== Provided data ==

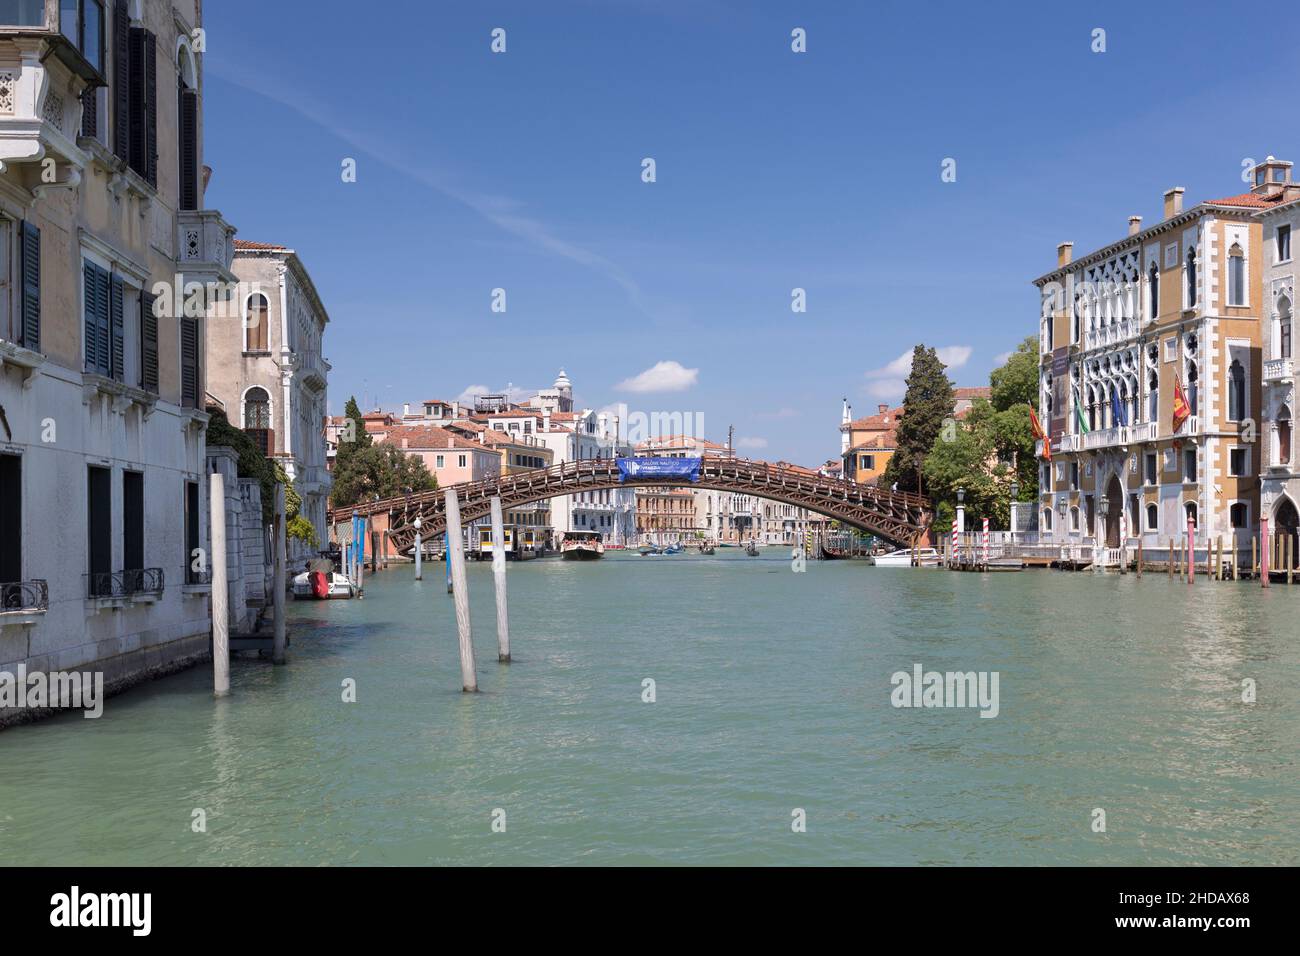 Ponte della Accademia, Accademia bridge, Venice, Italy Stock Photo
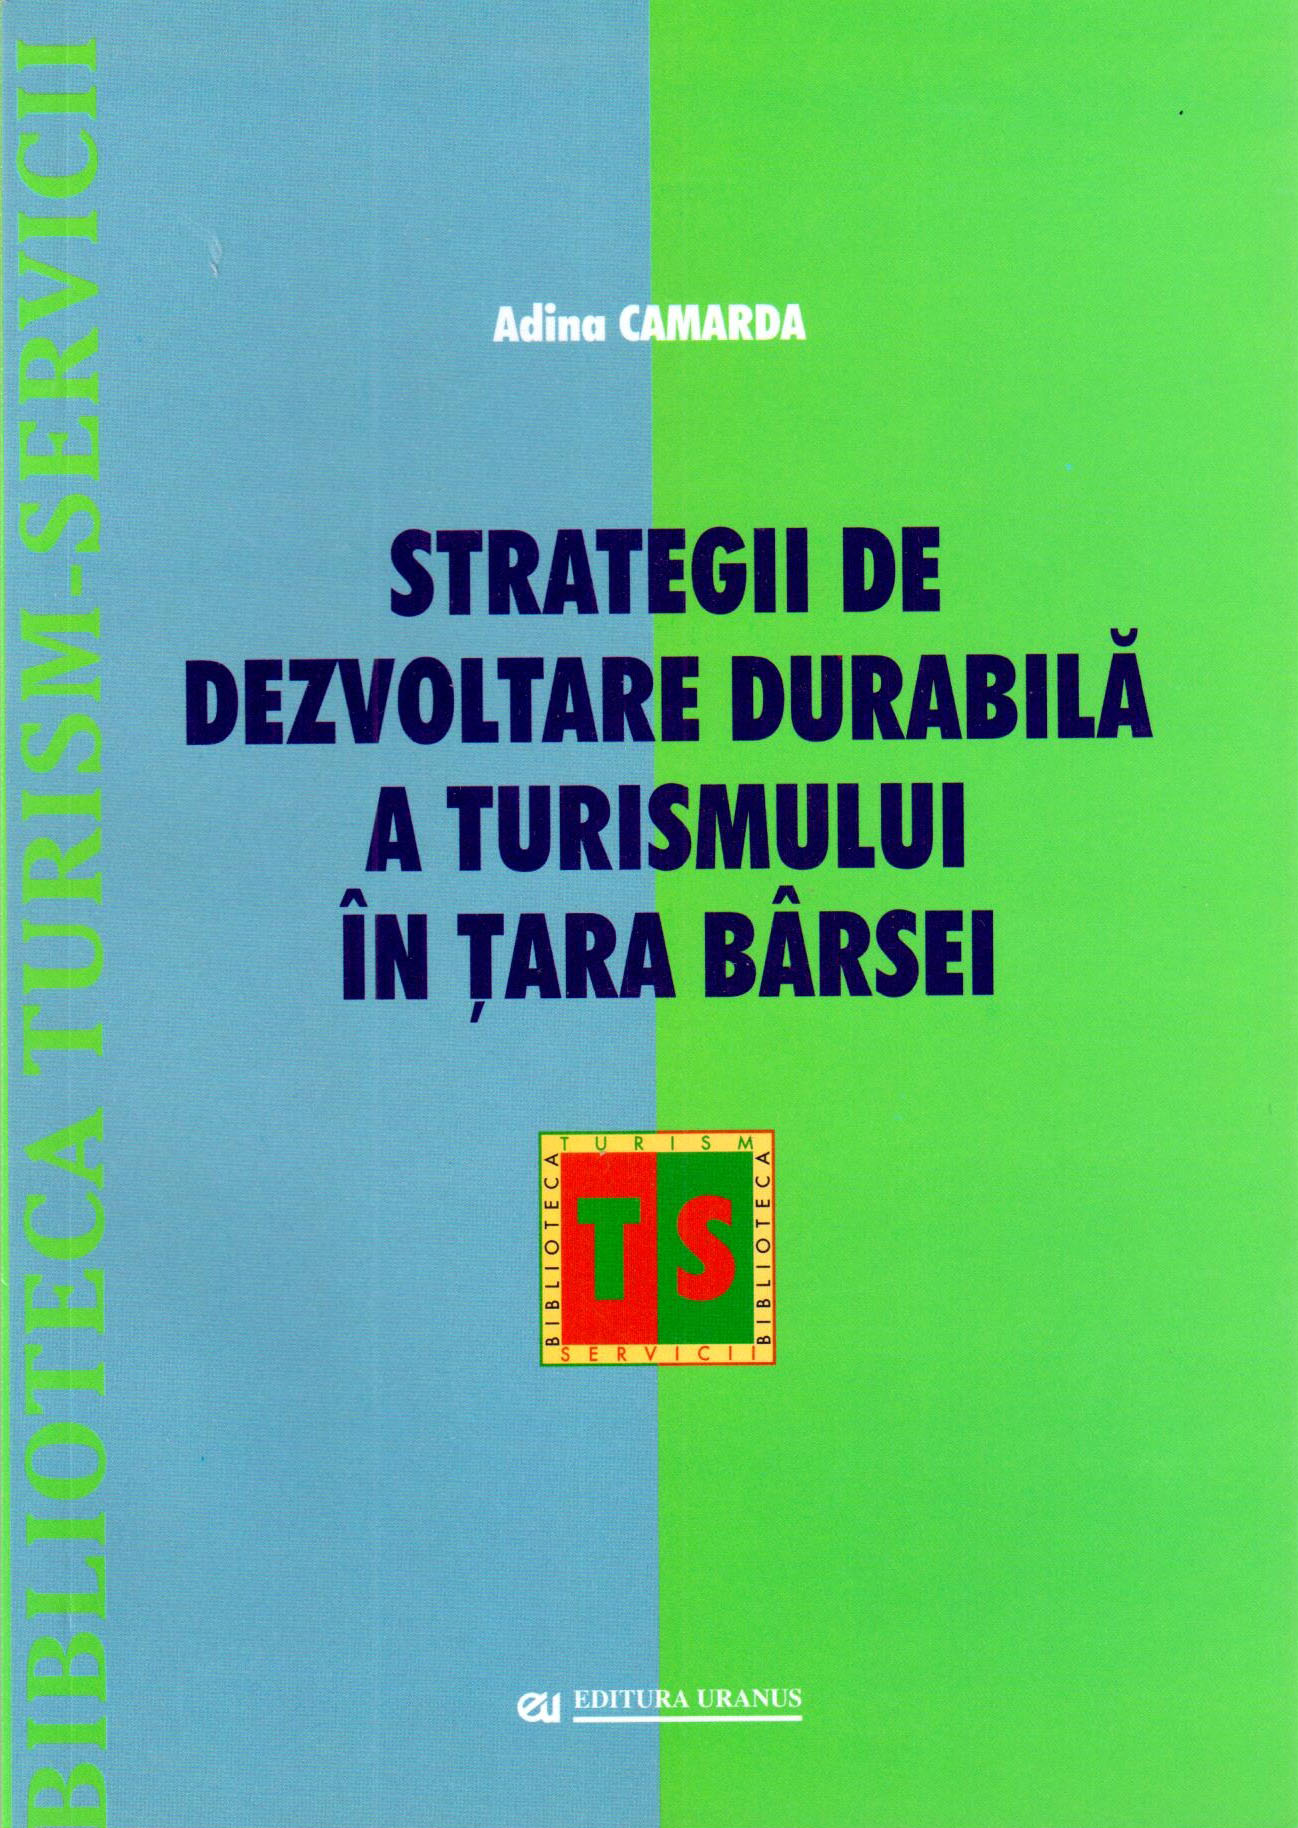 PDF Strategii de dezvoltare durabila a turismului in Tara Barsei | Adina Camarda carturesti.ro Business si economie
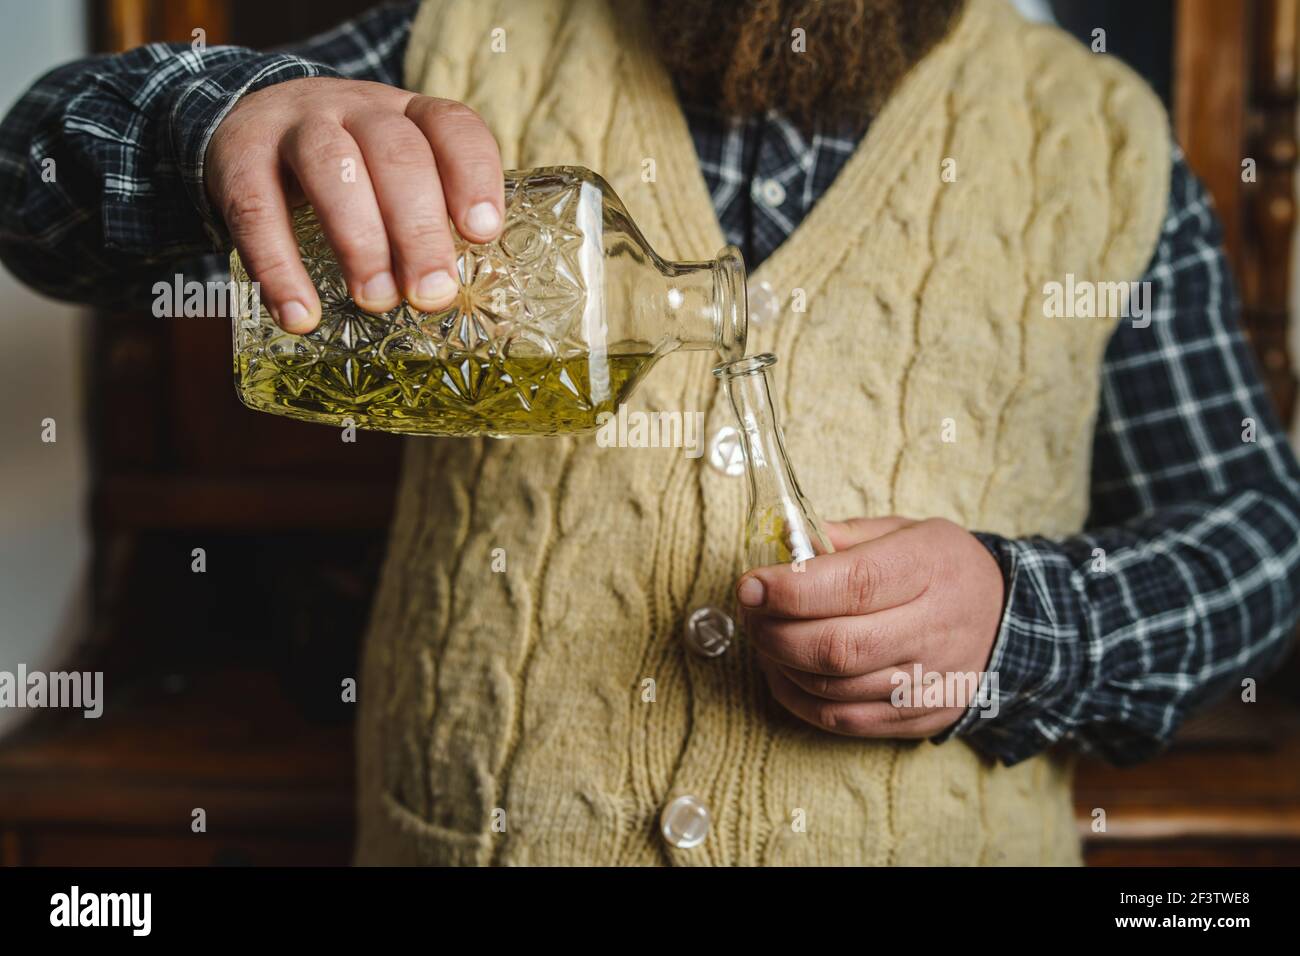 Primo piano sulle mani di un uomo sconosciuto che versa il tradizionale serbo bosniaco croato o macedone bere alcol brandy rakija o slivovitza realizzato in prugna i. Foto Stock
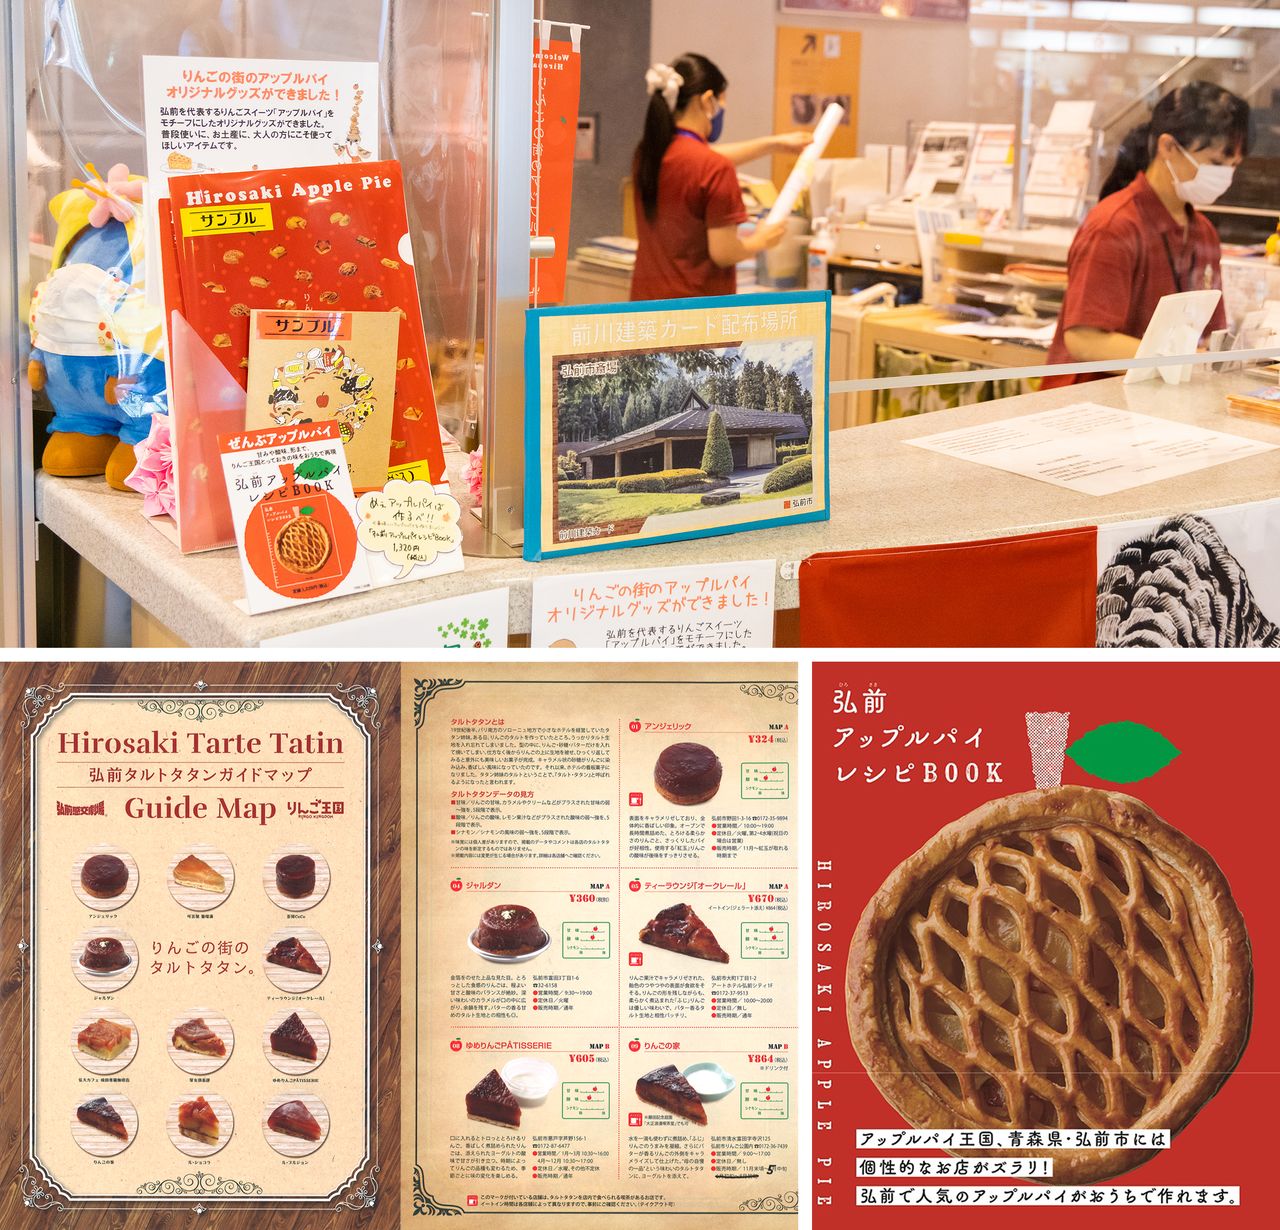 Dans le sens des aiguilles d'une montre, à partir du haut : produits dérivés de la carte au Centre d'informations touristiques, couverture du Livre des recettes de tartes aux pommes de Hirosaki et Carte guide des tartes tatin de Hirosaki.

== Exercise instructions ==
Give back exactly the lines from the one that contains "PDF Strategii de" to the final line of the data above, both included, with all pictures removed.

== Task answer ==
 PDF Strategii de dezvoltare durabila a turismului in Tara Barsei | Adina Camarda carturesti.ro Business si economie
 Primo piano sulle mani di un uomo sconosciuto che versa il tradizionale serbo bosniaco croato o macedone bere alcol brandy rakija o slivovitza realizzato in prugna i. Foto Stock
 Dans le sens des aiguilles d'une montre, à partir du haut : produits dérivés de la carte au Centre d'informations touristiques, couverture du Livre des recettes de tartes aux pommes de Hirosaki et Carte guide des tartes tatin de Hirosaki.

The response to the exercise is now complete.